Watching the Starship IFT-4 launch

It has been a long time since I had so much fun watching a launch. I did not watch the full thing but the news reports I read thereafter made it seem like just another launch. Hence, I wrote this!

I missed watching the lift-off and the separation of the Super Heavy Booster and Starship.

Full flight

When I joined the stream on X, it was playing elevator music with the video showing a rotating model of Starship. I loved watching this GIF with background elevator music. We were waiting for the re-acquisition of the signal just like we were waiting for a lift to come to your floor.

The mission was the fourth Integrated Flight Test (IFT-4). In the third flight (IFT-3), Starship had hard landed in the southern Indian Ocean. For this flight, they hoped to soft land in the southern Indian Ocean. While the elevator music was playing on the main webcast, I saw the clips of the launch and Super Heavy Booster separation.


Super Booster separation and splashdown

The exhaust from the 33 Raptor engines (powered by liquid oxygen and methane) that powered the Super Heavy Booster formed an asterisk when you looked at it from the top view. It looked like the asterisk one sees in all advertisements that warn about there being various Terms and Conditions that apply.

I also watched the video of the Super Heavy Booster (added in the second link above) falling back and splashing down in the Gulf of Mexico in a controlled manner. But this did not prepare me for the drama surrounding the splashdown of Starship.

The IFT-4 mission was collecting data on many parameters.
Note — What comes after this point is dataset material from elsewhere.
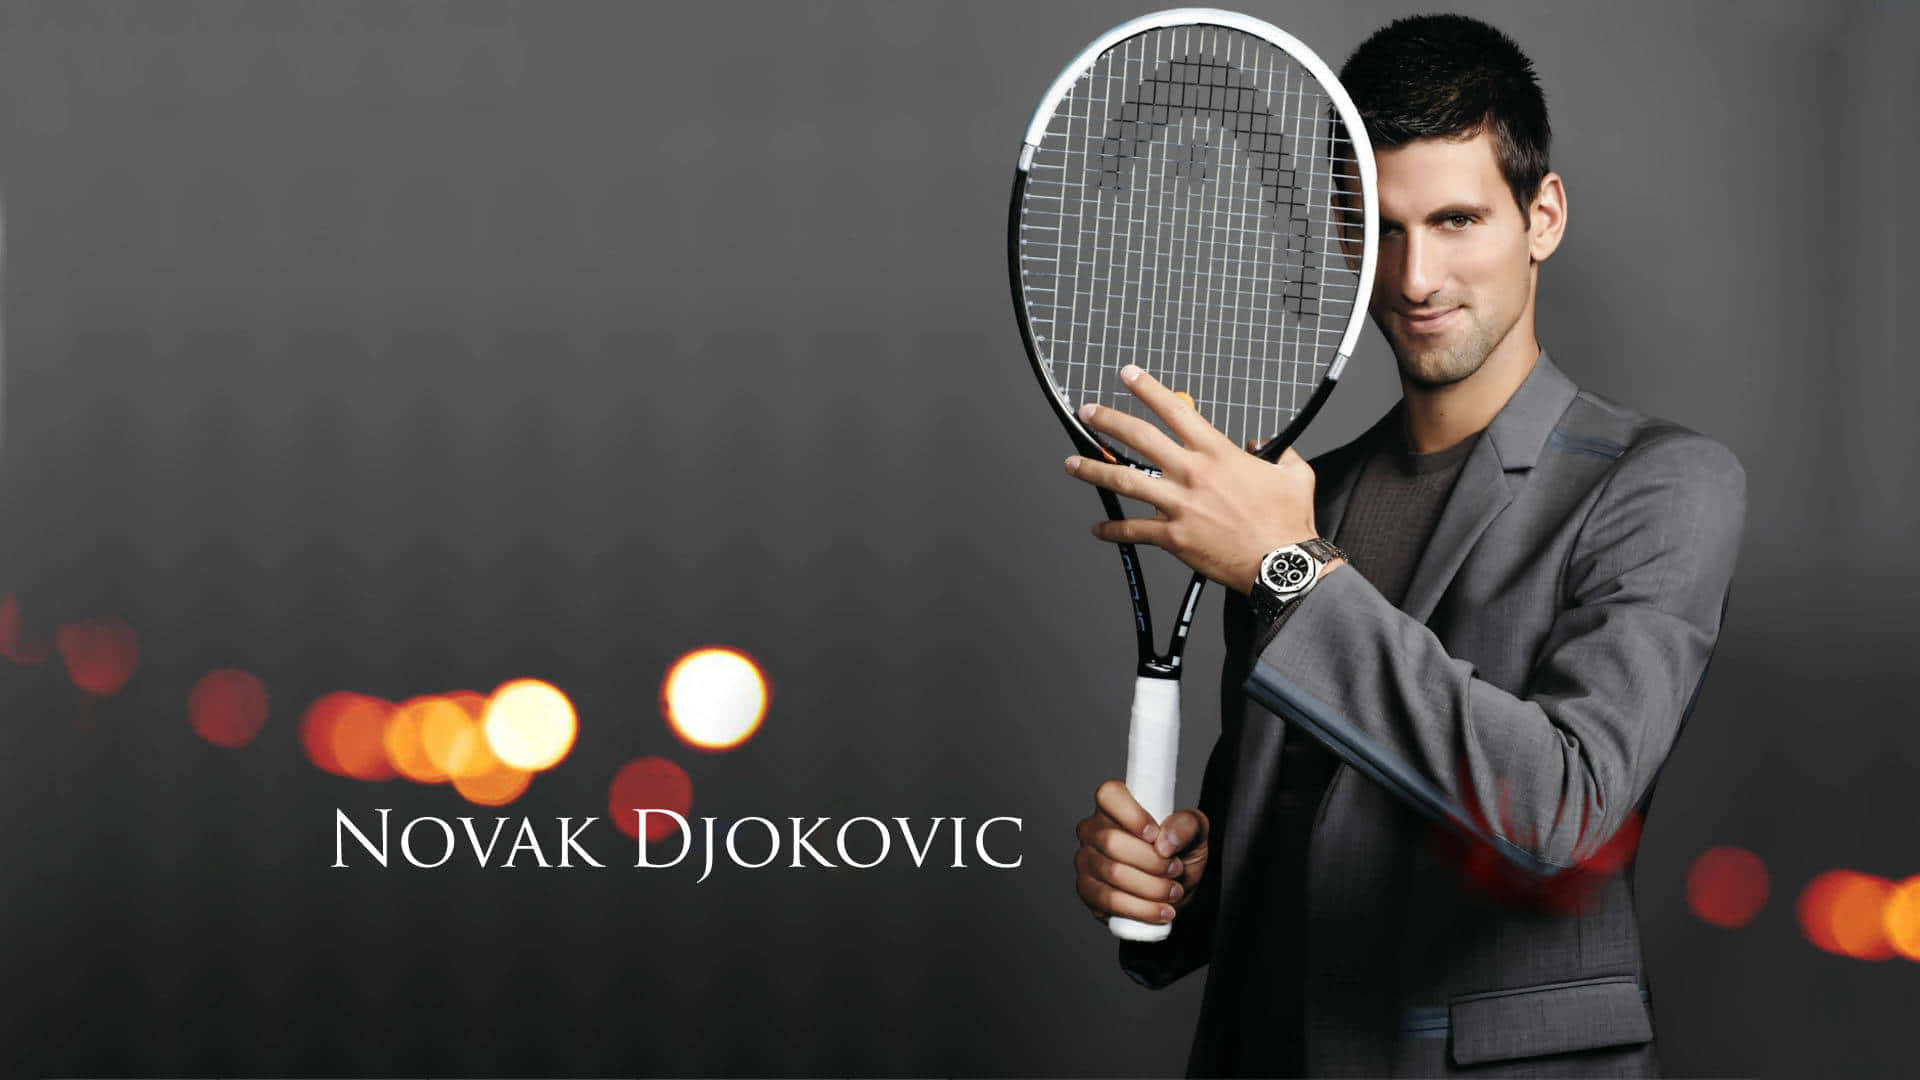 HD Serbian Tennis Player Novak Djokovic Poster Background

The launch commentators kept repeating that on this mission, data was the payload.

When the signal returned Starship was floating over Africa at an altitude of more than 200 km above sea level and coasting at a speed of more than 26000 km/hr. It then began to descend back to Earth. As it hit the Earth’s atmosphere, we got to see the plasma generated by the atmosphere from an onboard camera under the first flap that controlled the vehicle. These were visible in vibrant colors on the body of Starship. Both speed and altitude numbers on the screen began to fall.

Plasma around Starship

Starship then went through regions of maximum temperature and maximum pressure. This exerted so much stress that the camera showed the flap controlling the front of Starship tearing apart. We saw the pictures in real-time and live thanks to the data being sent back by the camera through SpaceX’s Starlink satellite. The camera lens then was filled with debris but was still working and transmitting live images back to us.

I think that at this stage all eyes were on the video. There was no one paying attention to the various statistics displayed on the screen (spacecraft attitude, speed, and altitude). All eyes were on whether the fin would hold.

A little while later, we could see the plasma passing through the rupture on the camera. The debris from within the rupture could be seen flying past the camera and covering the camera’s lens. Kudos to whoever designed or worked on this camera!

The last time (IFT-3), the signal from Starship was lost was when it was 65 km above sea level. The employees at SpaceX rejoiced when they realized that Starship had gone below this altitude. The live feed from the camera got cut off twice this time. Each time it returned, one heard the roar of approval and applause from the employees.

All eyes were still on the fins. They were holding despite the immense damage they suffered as it passed through the atmosphere. The immense temperature and pressure the Starship had survived reduced as it came closer to sea level. Despite the debris on the lens, we could still see the fins intact!

Hope rose every kilometer that Starship descended. As it reached an altitude below 5 km, the grids still seemed to be working and keeping Starship in the right orientation.

Starship flipped and remained vertical for a while just above sea level. The camera showed the flames from the Raptor engines that powered Starship as it floated. You could see the seawater around Starship. As the burn was completed, Starship fell into the southern Indian Ocean. Starship became a ship.

I understand that for the engineers at SpaceX, this was a great achievement and the real work begins now. It was awesome to watch it as a space enthusiast as well. I love watching launch vehicles fly and be tested.

Thank you, SpaceX! This was a great thrill to follow.

It has been a long time since I watched a live webcast on X. I have not always had a good experience watching things on X. But this was completely different.

The next launch (IFT-5) is expected in late June or July 2024. They are expected to try doing a booster tower landing. Starship would then land on land!

Will Starship make everything else redundant?

I heard several people on X say that Starship would remove the need for every other launch vehicle. I do not think this will happen. Miniaturization means an increase in the number of micro and small satellites. There could also be scaled models to test new technologies. These may not prefer to wait for a Starship to be ready for a launch. They may prefer vehicles like SSLV, Agnibaan, Vikram, etc.

There will still be a demand for medium lift vehicles to launch some of the satellite constellations in low Earth orbit if not to launch a few remote sensing satellites. I do not think the demand for these will be reduced.

There may be less demand for other heavy and super heavy-lift launch vehicles given Starship is available but that depends on the number of launches it can do in a year. Reusability reduces the need to manufacture many Starships. I think that it still makes sense for India to develop an NGLV and for rocket entrepreneurs to build small-lift launch vehicles. These are good skills to learn and keep updated.

The lesson to learn from our space history is to not rely on one company or one vehicle to provide all the launch services. We may either have none or unreliable ones.

June 6, 2024